#### GIVEN MATERIAL

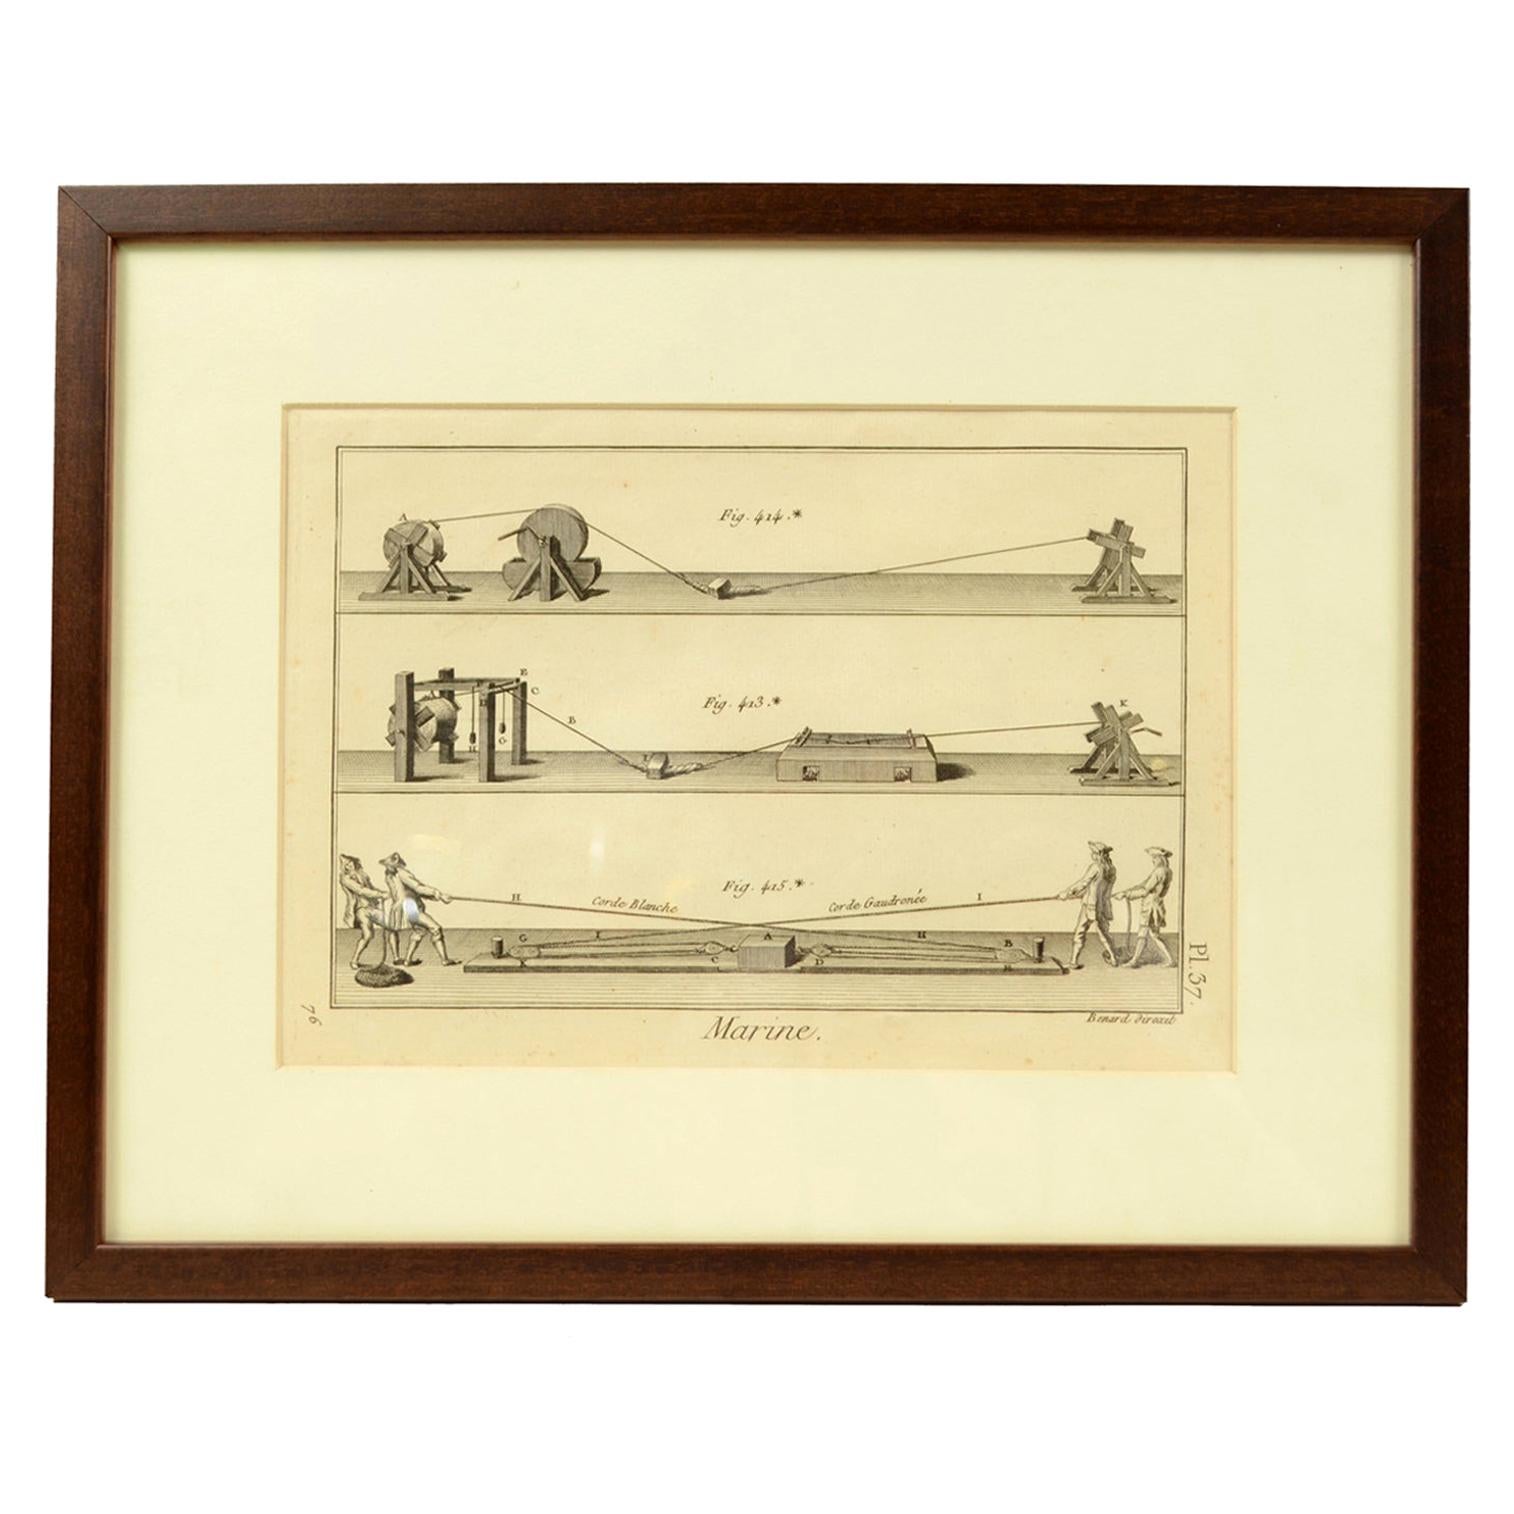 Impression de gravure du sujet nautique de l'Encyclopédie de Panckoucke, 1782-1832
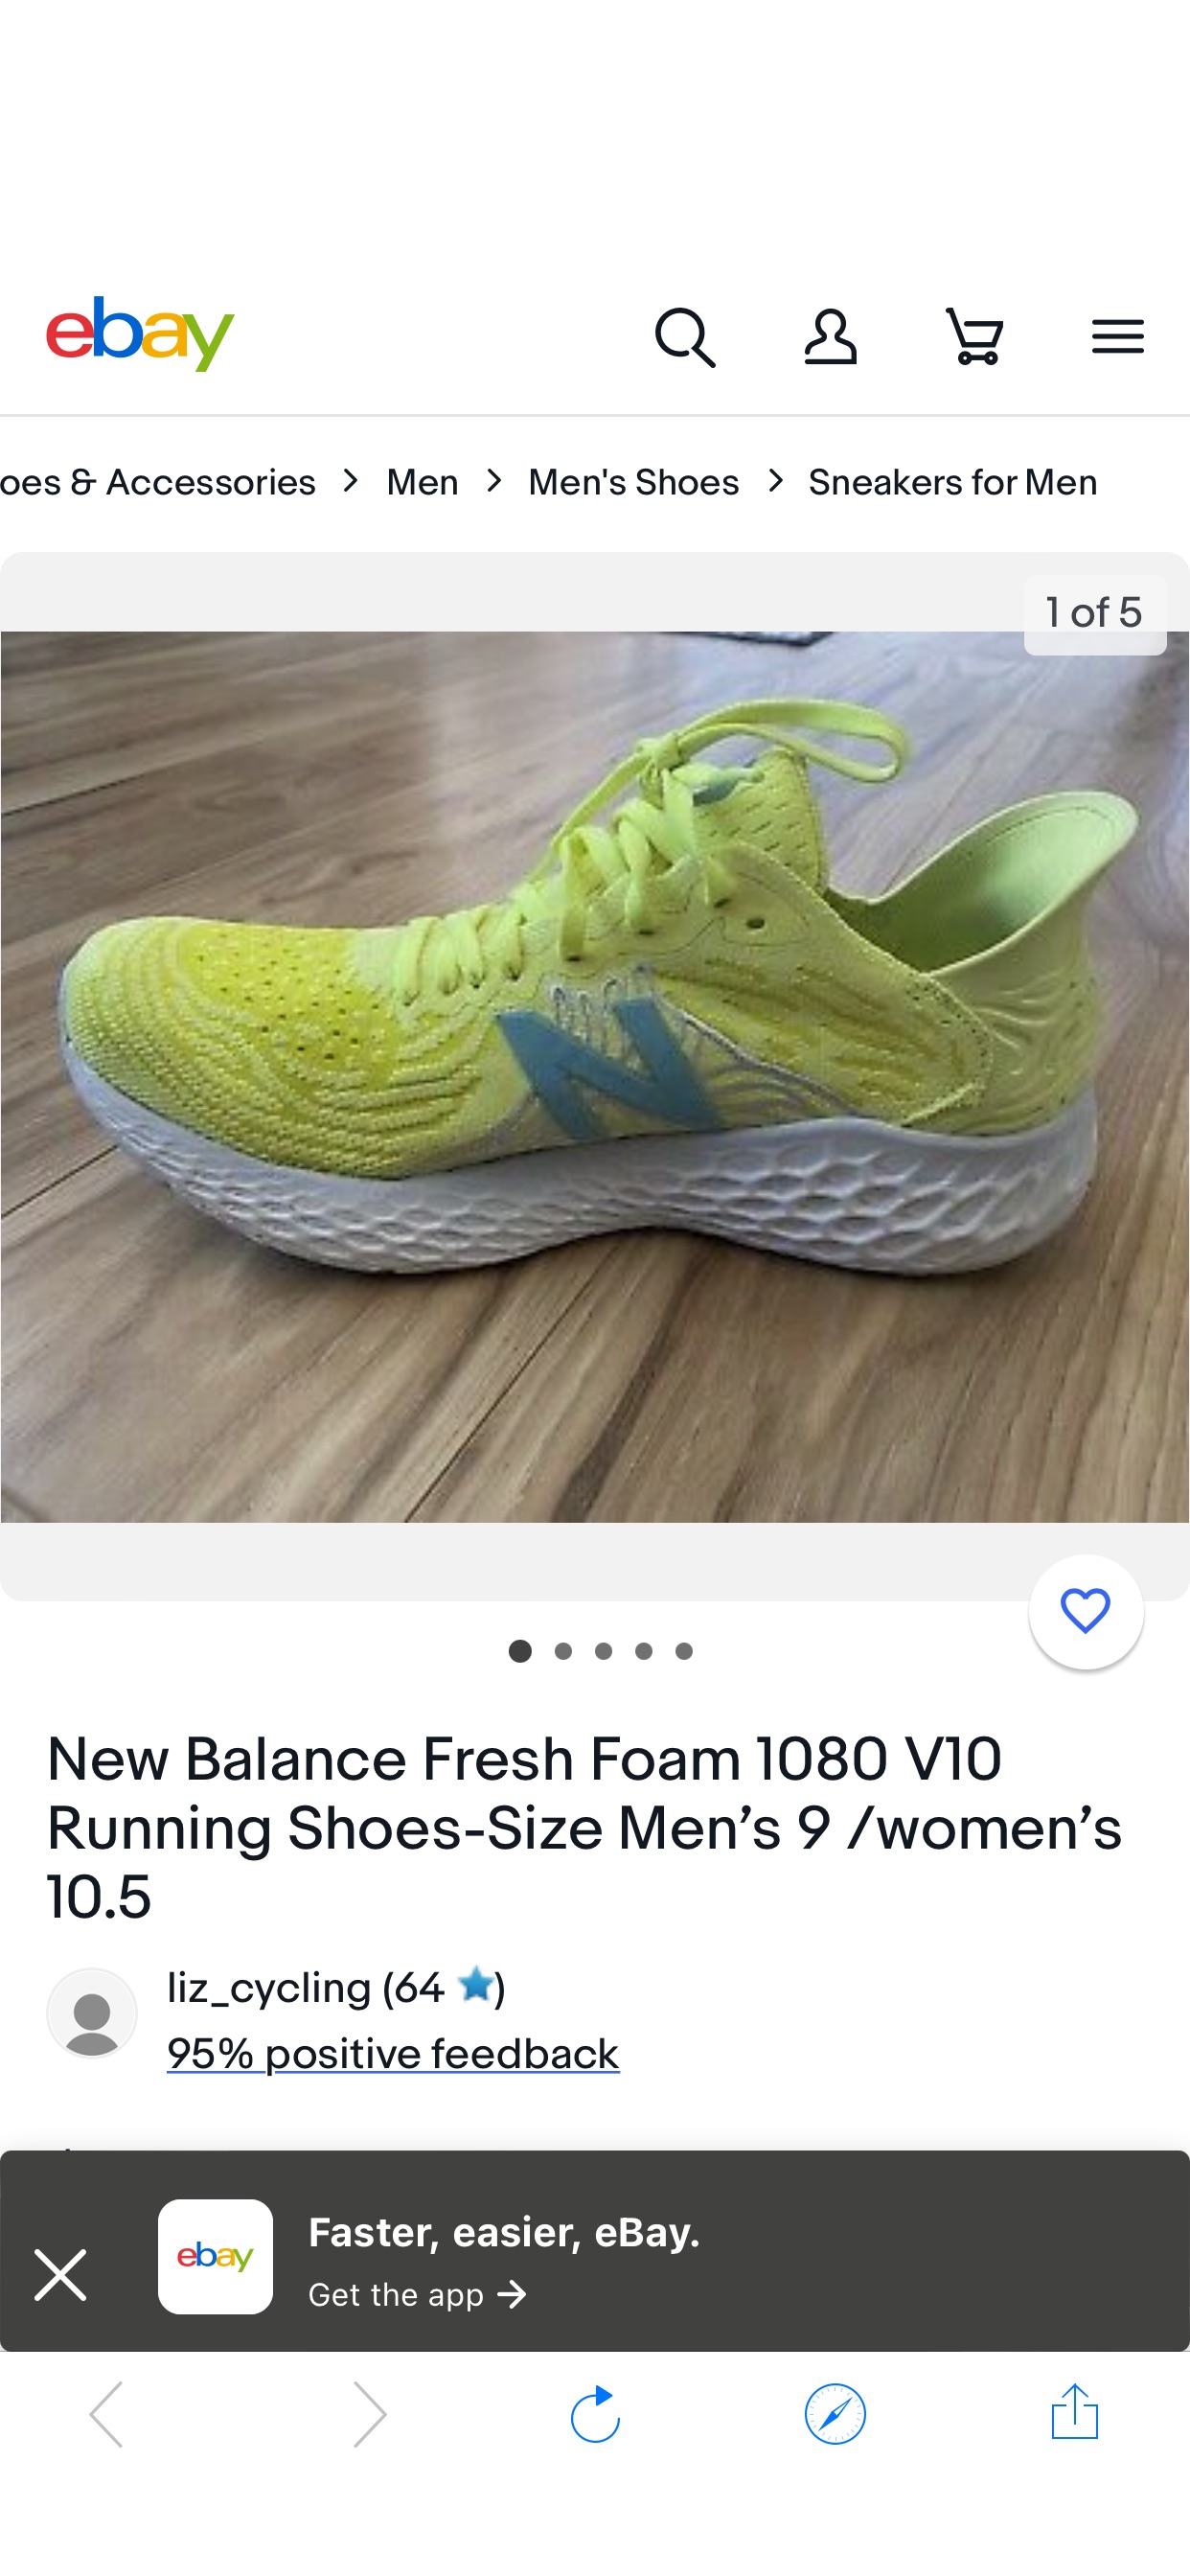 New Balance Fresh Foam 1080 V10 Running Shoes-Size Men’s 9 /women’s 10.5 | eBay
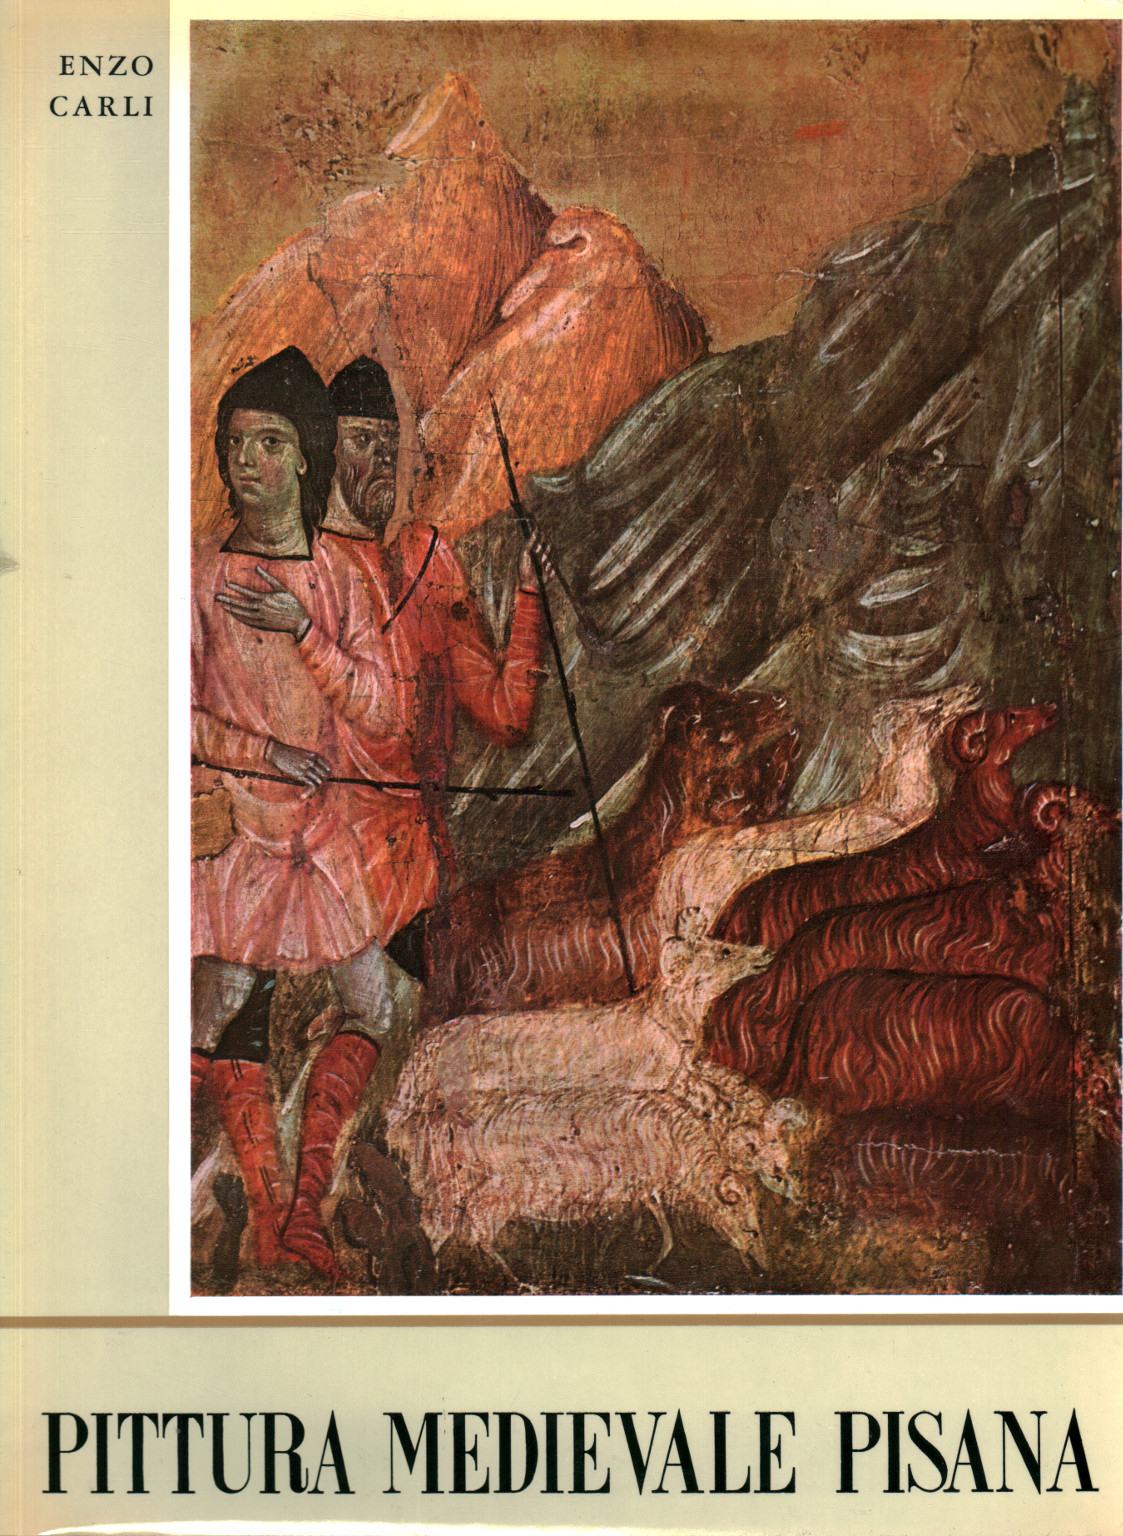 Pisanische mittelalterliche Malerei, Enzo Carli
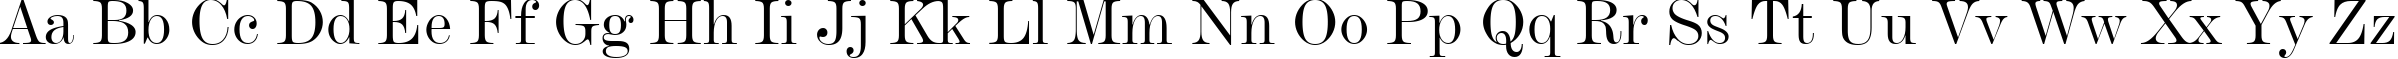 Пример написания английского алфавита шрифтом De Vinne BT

#### TASK DETAILS
Restate the data word for word without pictures.

#### ANSWER FOR THE TASK
 Impression de gravure du sujet nautique de l'Encyclopédie de Panckoucke, 1782-1832
 New Balance Fresh Foam 1080 V10 Running Shoes-Size Men’s 9 /women’s 10.5 | eBay
 Pisanische mittelalterliche Malerei, Enzo Carli
 Пример написания английского алфавита шрифтом De Vinne BT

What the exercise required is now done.